Confirming Frotz as Sole Reference Implementation for Z-Machine

The title of this post sure sounds like a statement but it’s somewhat meant as a question.

I had previously asked a question regarding reference implementations for the Z-Machine. Frotz was said to be a reference implementation. What I’m finding, however, is that Frotz seems to be the only reference implementation of the Z-Machine.

By reference implementation, I mean it can decode all versions of the Z-Machine (from 1 through 8). This also means it supports things that many interpreters seem to leave out, like timed input. Essentially: just what it sounds like – a reference implementation for the spec.

I think I know the answer but I’m checking just in case: is Frotz truly the only Z-Machine interpreter (in any programming language) that is as feature complete as possible relative to the specification?

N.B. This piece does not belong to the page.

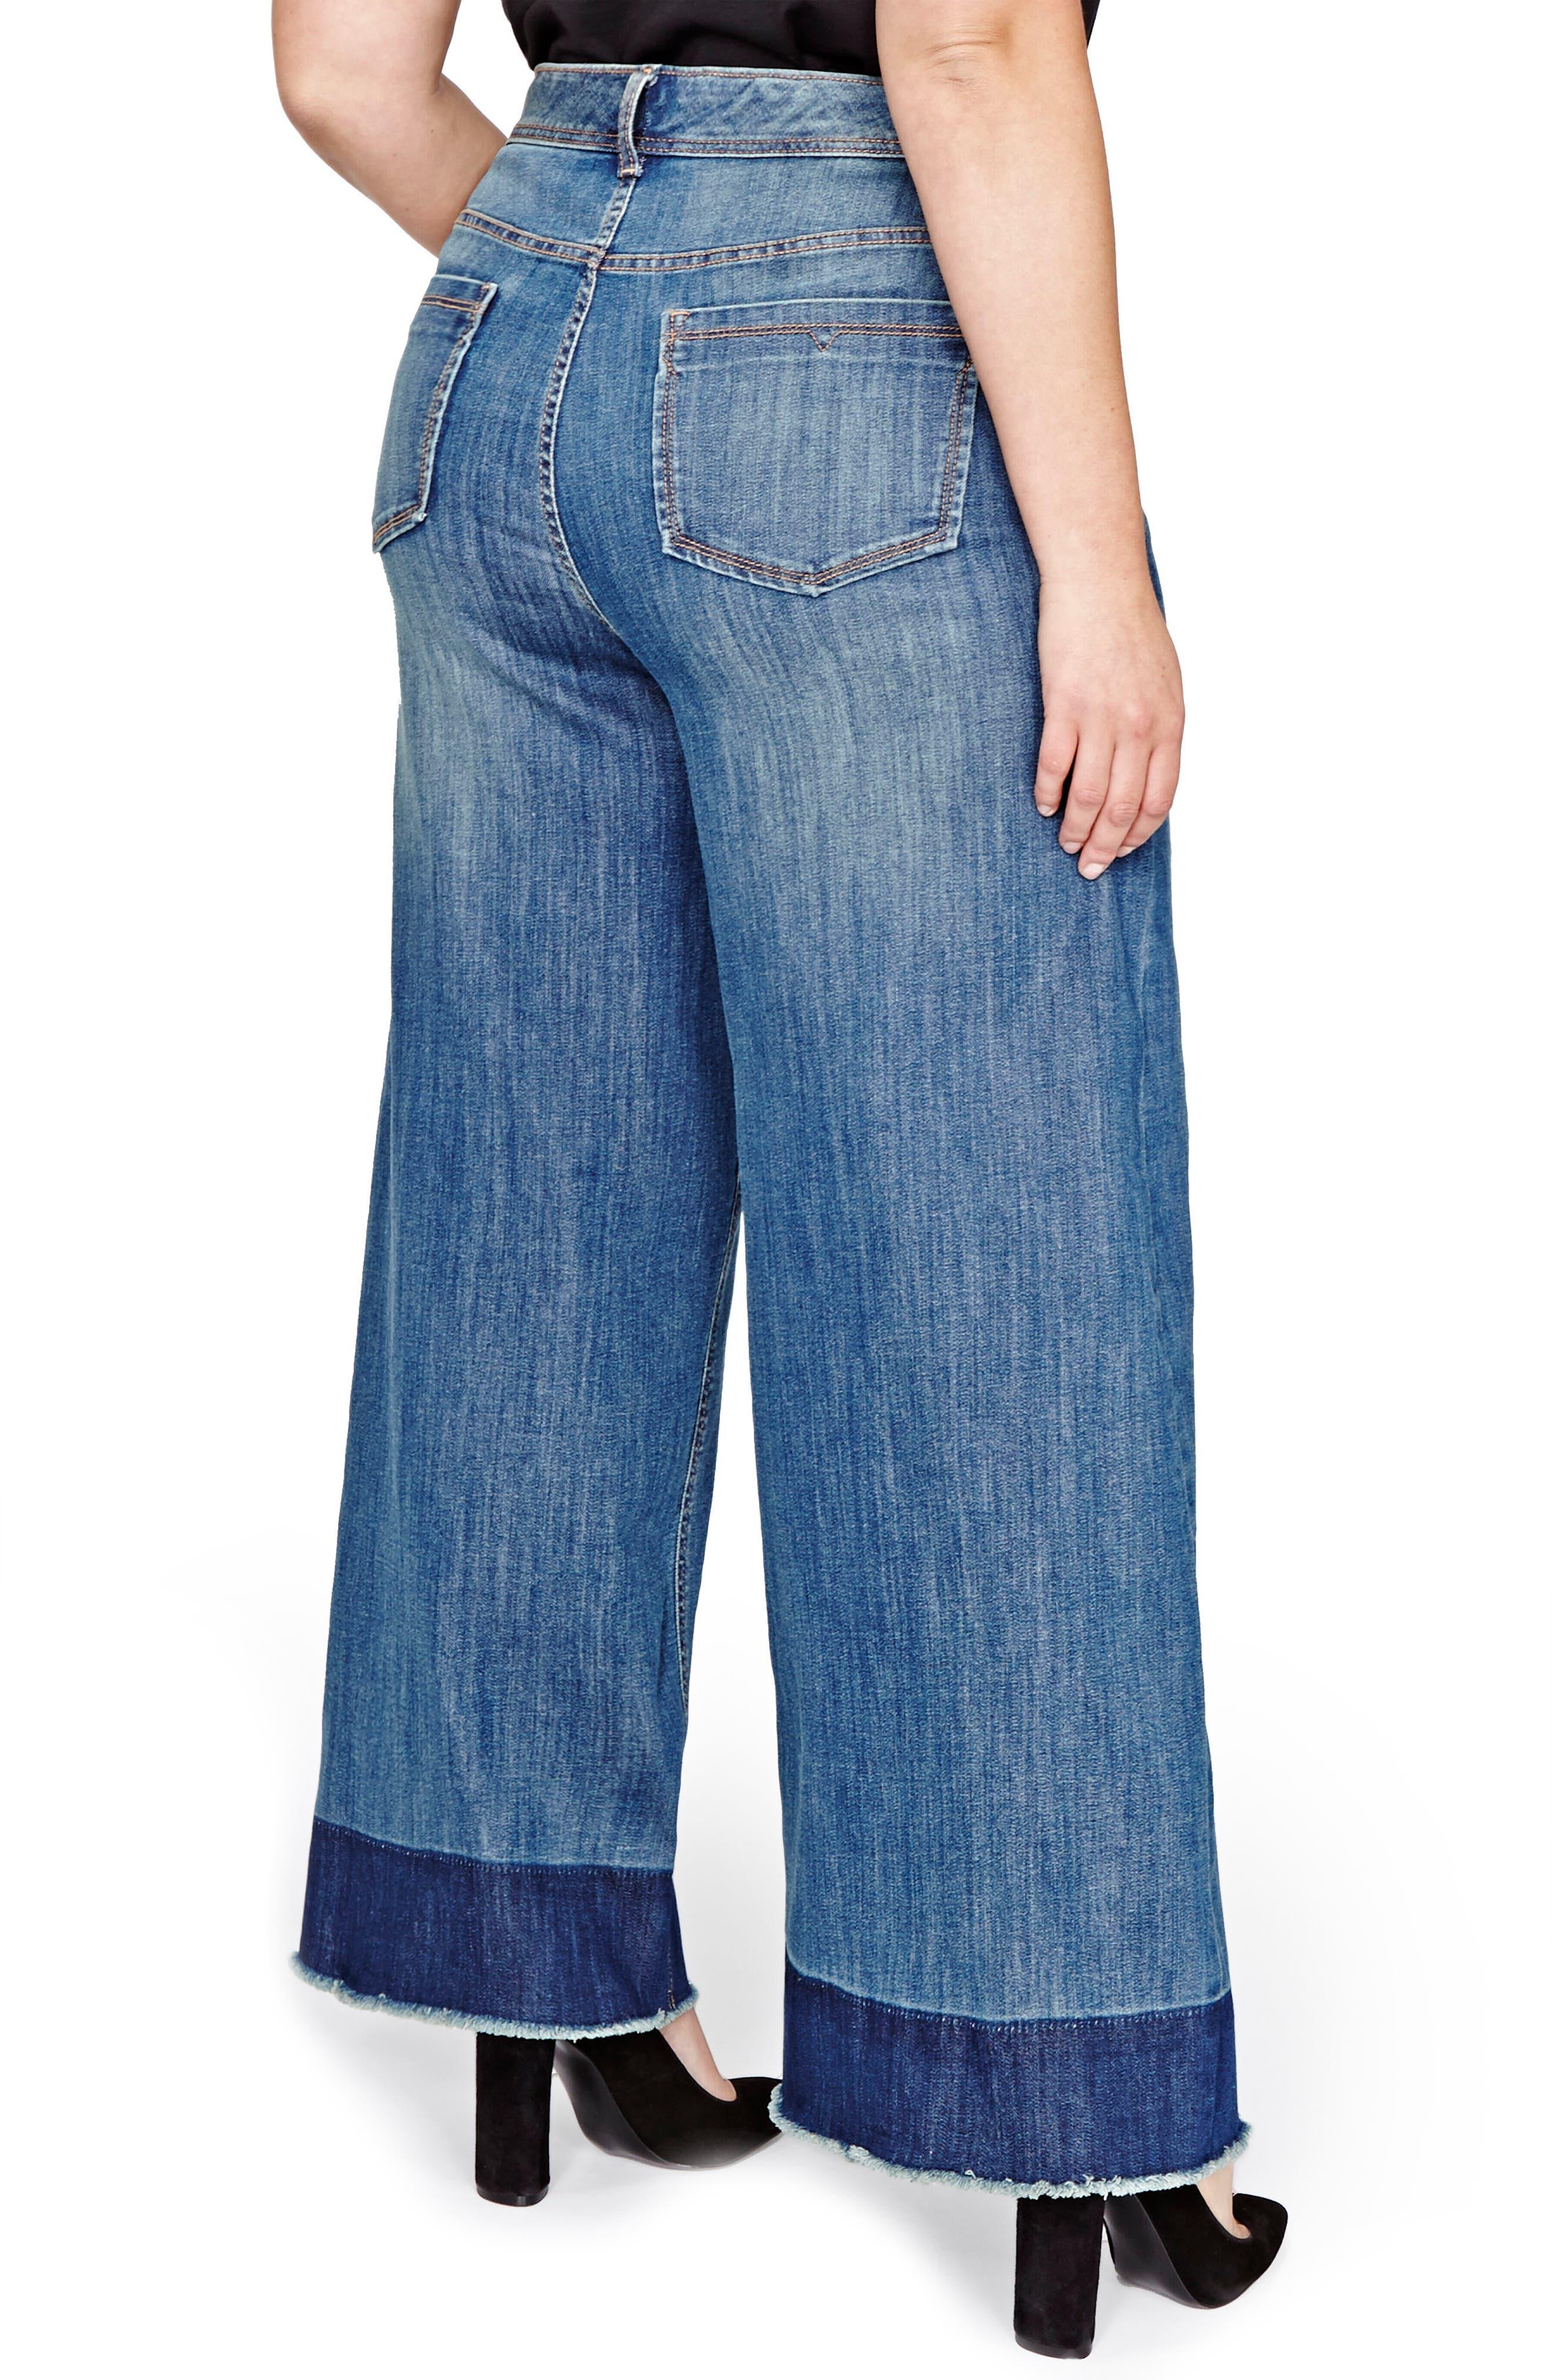 Jordyn Woods High Waist Wide Leg Jeans,                             Alternate thumbnail 2, color,                             Medium Wash Denim
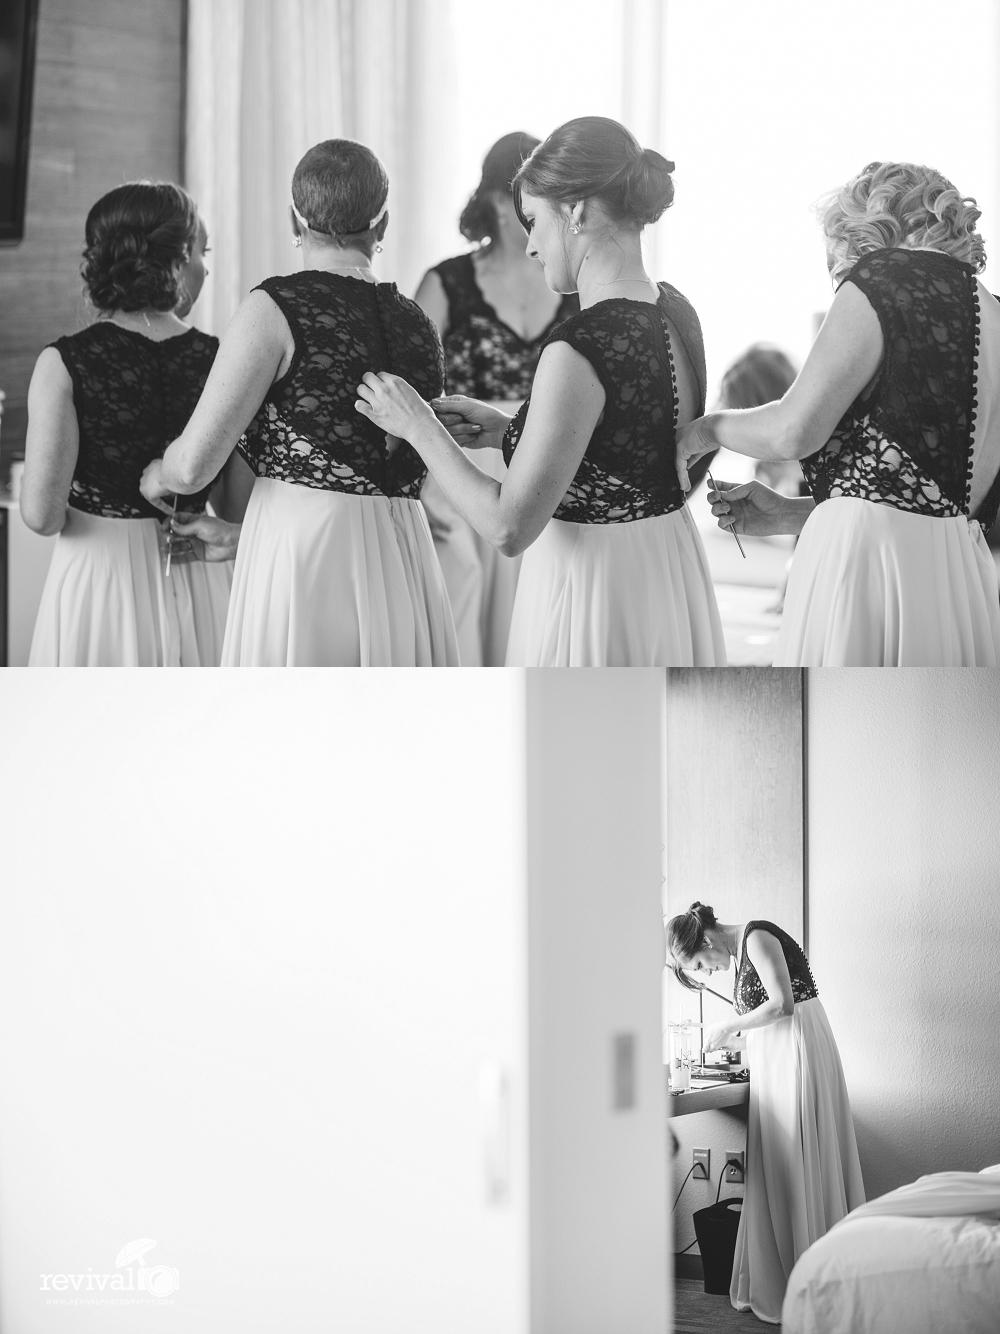 Photos by Revival Photography Asheville Weddings Crest Center and Pavilion NC Wedding Photographers www.revivalphotography.com

In terms of doing my homework, I’ve searched IFArchive, GitHub and BitBucket but I periodically come across interpreters that don’t show up under general searches because they aren’t tagged as “z-machine” so I just want to make sure I’m not missing anything that someone is aware of.

I’d put my own interpreter, Viola, forward as very nearly as feature complete as Frotz, but it’s still a bit buggy. Also it doesn’t support font 3.

Not exactly the answer you are looking for, but I’m updating jzip (for v1-v5 and v8) and use frotz as a reference. Note though that there are at least two main frotz variants and they have diverged a bit.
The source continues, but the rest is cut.